Какие-то разговоры относительно отстранения Л. Топтунова были. Возникли они, видимо, после того, как я сказал Акимову отправить его и Киршенбаума на третий блок ввиду бесполезности их пребывания на БЩУ-4 и опасной радиационной обстановки. Это было примерно через час после аварии.
Ещё один момент требует пояснения, поскольку он связан с ничем не оправданным облучением нескольких человек, – это утверждение Медведева, что с подачи Дятлова пошла гулять версия о целости реактора после взрыва. И откуда он всё знает? Я-то никому об этом не говорил, в том числе и ему. Перевозченко никому не рассказывал о дикой пляске, а Медведев знает. Никто не знает об отстранении Л. Топтунова, а Медведев знает. Никто не знает, что Л. Топтунов и А. Акимов сопротивлялись подъёму мощности, а Медведев знает. Медведев, оказывается, знает и что было, и чего не было. Правда, пишет он в основном о том, чего не было. Такой уж «документалист».

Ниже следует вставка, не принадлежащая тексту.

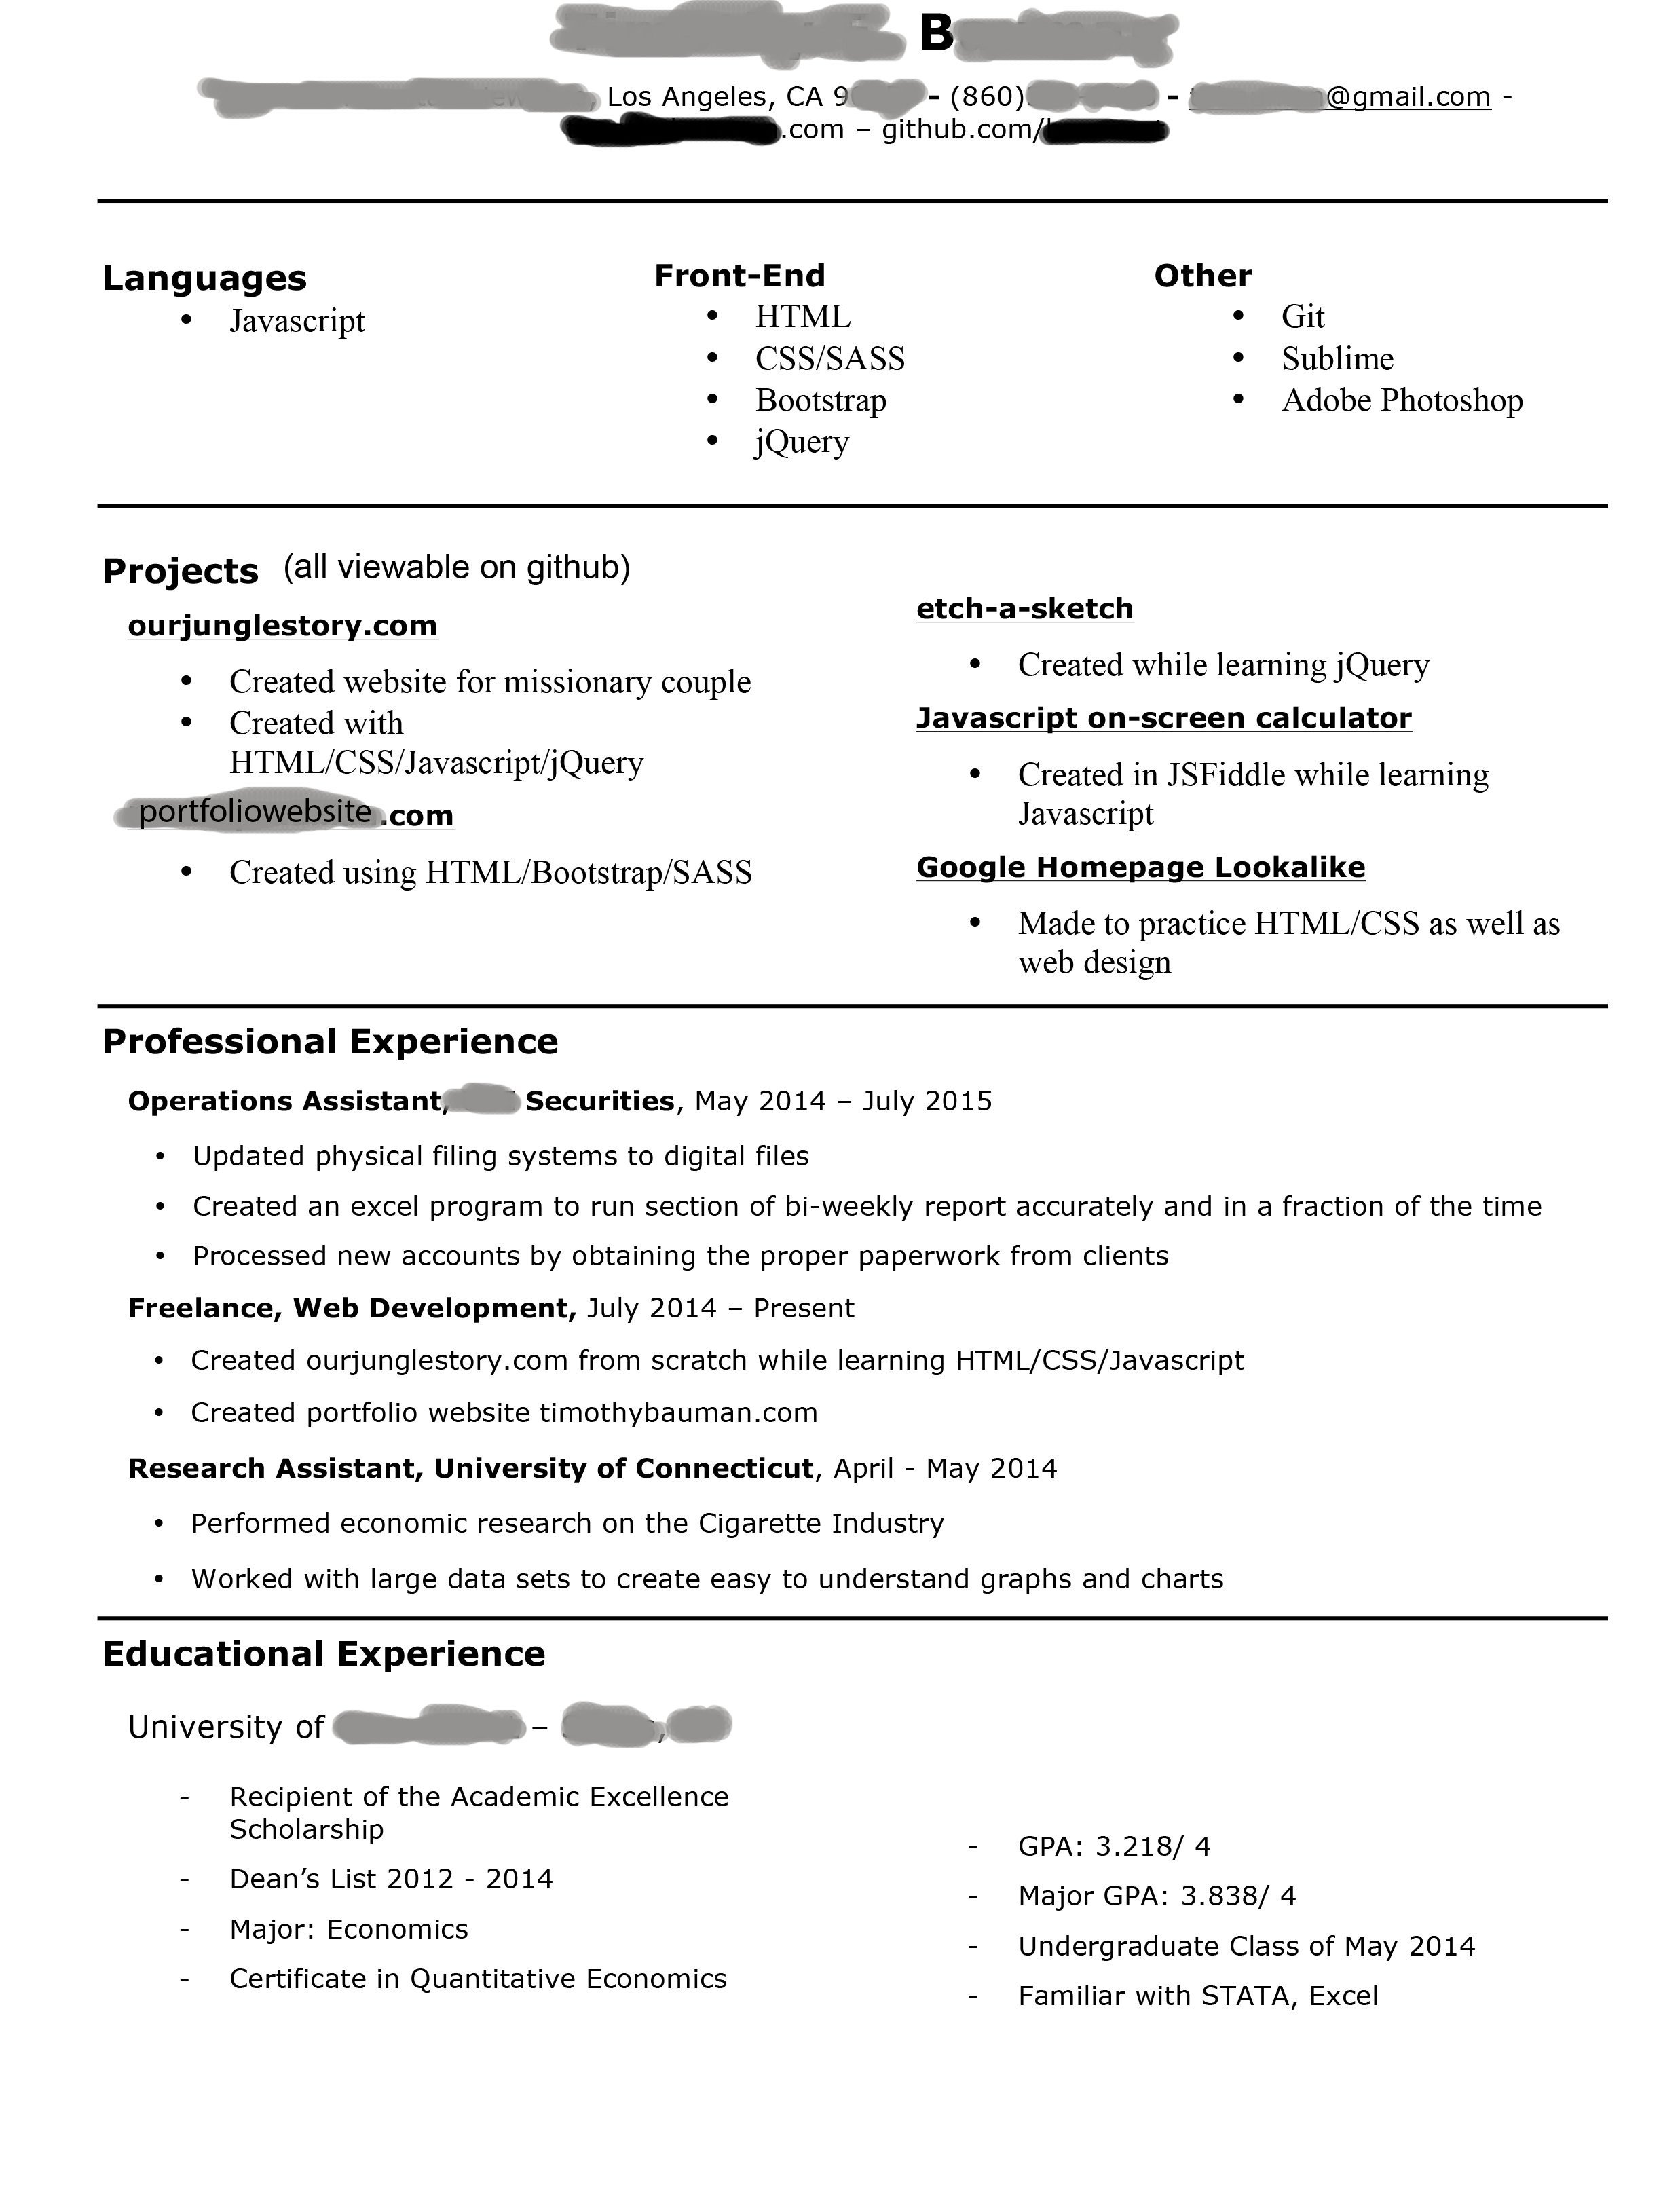 Starting to look for jobs as a jr front end web developer

Как было, я описал. В.П. Брюханов у меня не спрашивал ни по телефону, ни в бункере, когда я туда пришёл. С Н.М. Фоминым я 26 апреля вовсе не разговаривал.
Если бы я думал, что реактор цел, то уж, конечно, пытался бы организовать подачу воды. Смею заверить, блок я знал хорошо, а реакторный цех никто на станции лучше меня не знал. При нехватке людей попросил бы у Брюханова, но мы ничего для этого не делали, что ясно говорит, как я думал о реакторе.

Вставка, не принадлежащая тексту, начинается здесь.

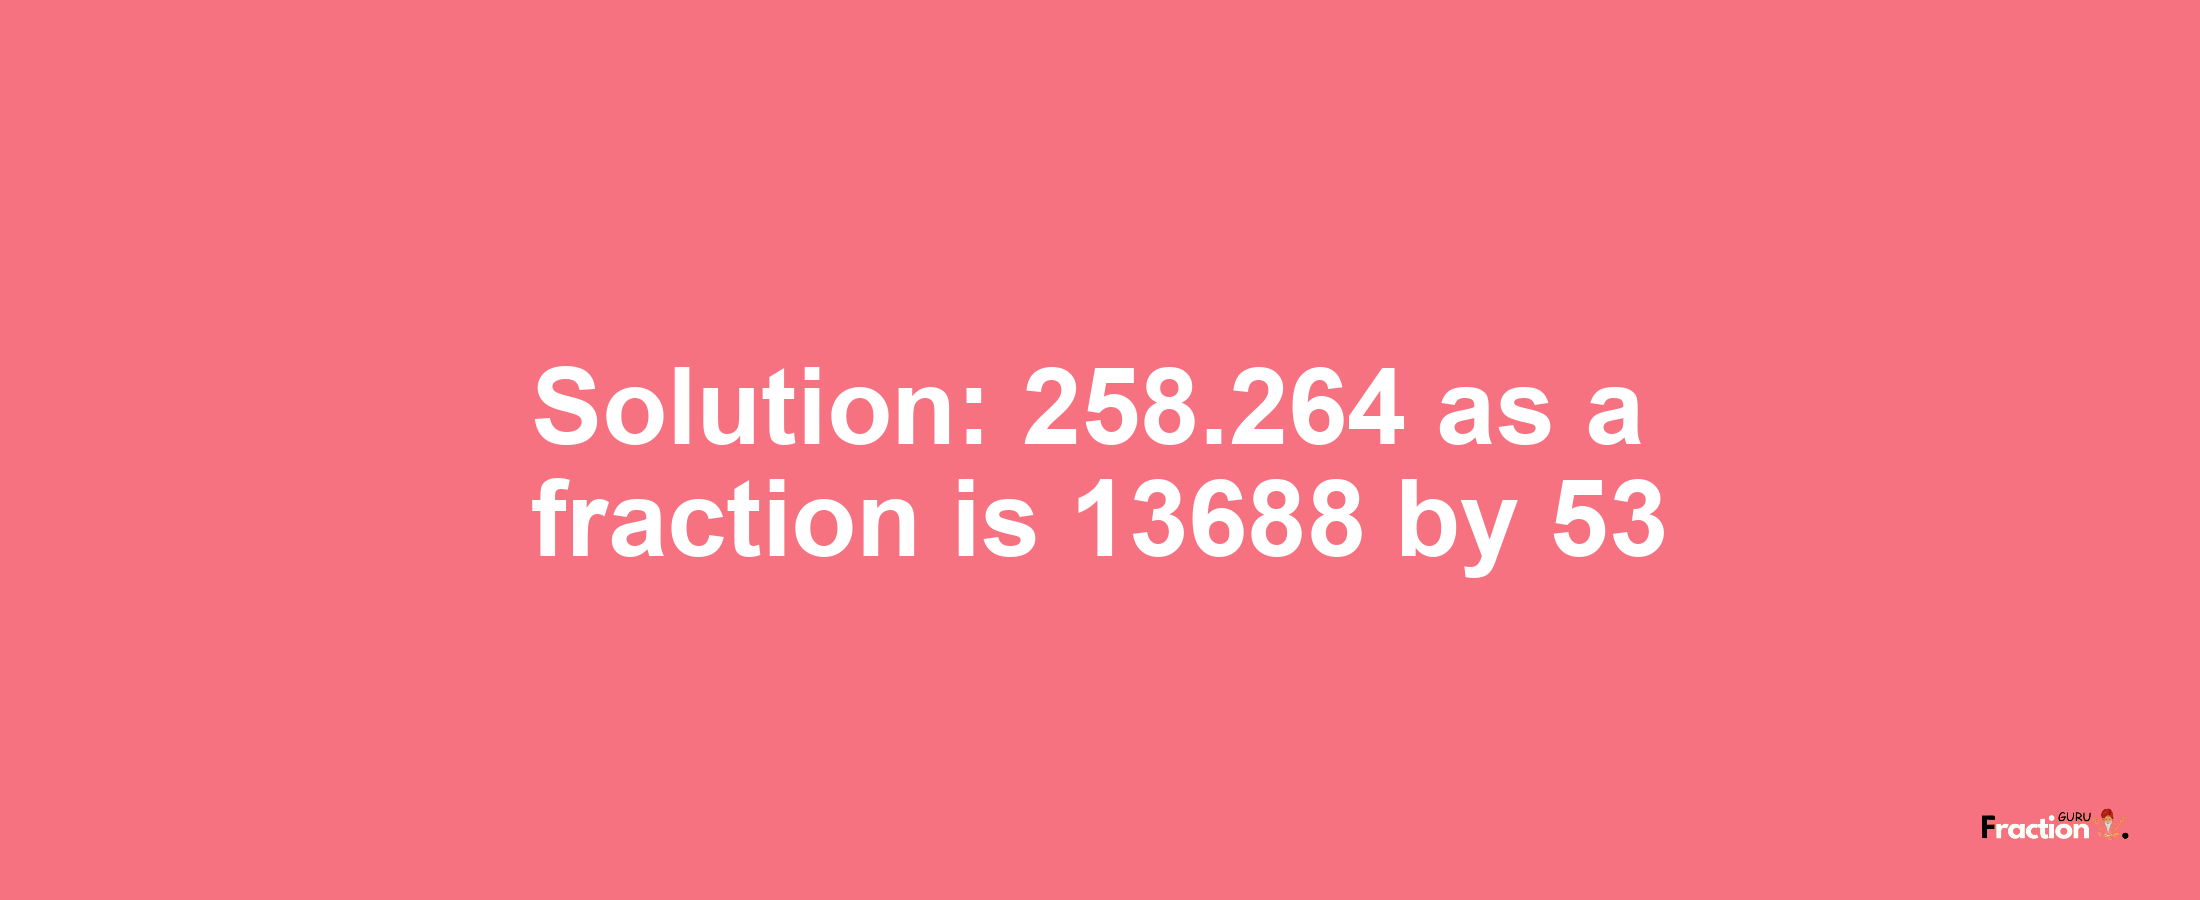 Solution:258.264 as a fraction is 13688/53

И утверждение Г. Медведва о том, что Л. Топтунов и А. Акимов вели себя мужественно, но бесполезно, – безнравственно. Да, Леонид Топтунов по своей должности действительно не мог ничего сделать. Но своим поведением, когда он сам вернулся на блок, показал образец верности делу. А все работы по отключению механизмов, обесточиванию, сливу турбинного масла, вытеснению водорода из генераторов, т.е. по предотвращению возникновения новых пожаров, проведены под прямым руководством Александра Акимова. Ничего другого полезного в той обстановке и сделать было нельзя. А то, что сделано, – это много и необходимо. Александр Акимов был хорошим, исключительно добросовестным работником. И умер достойно Человека.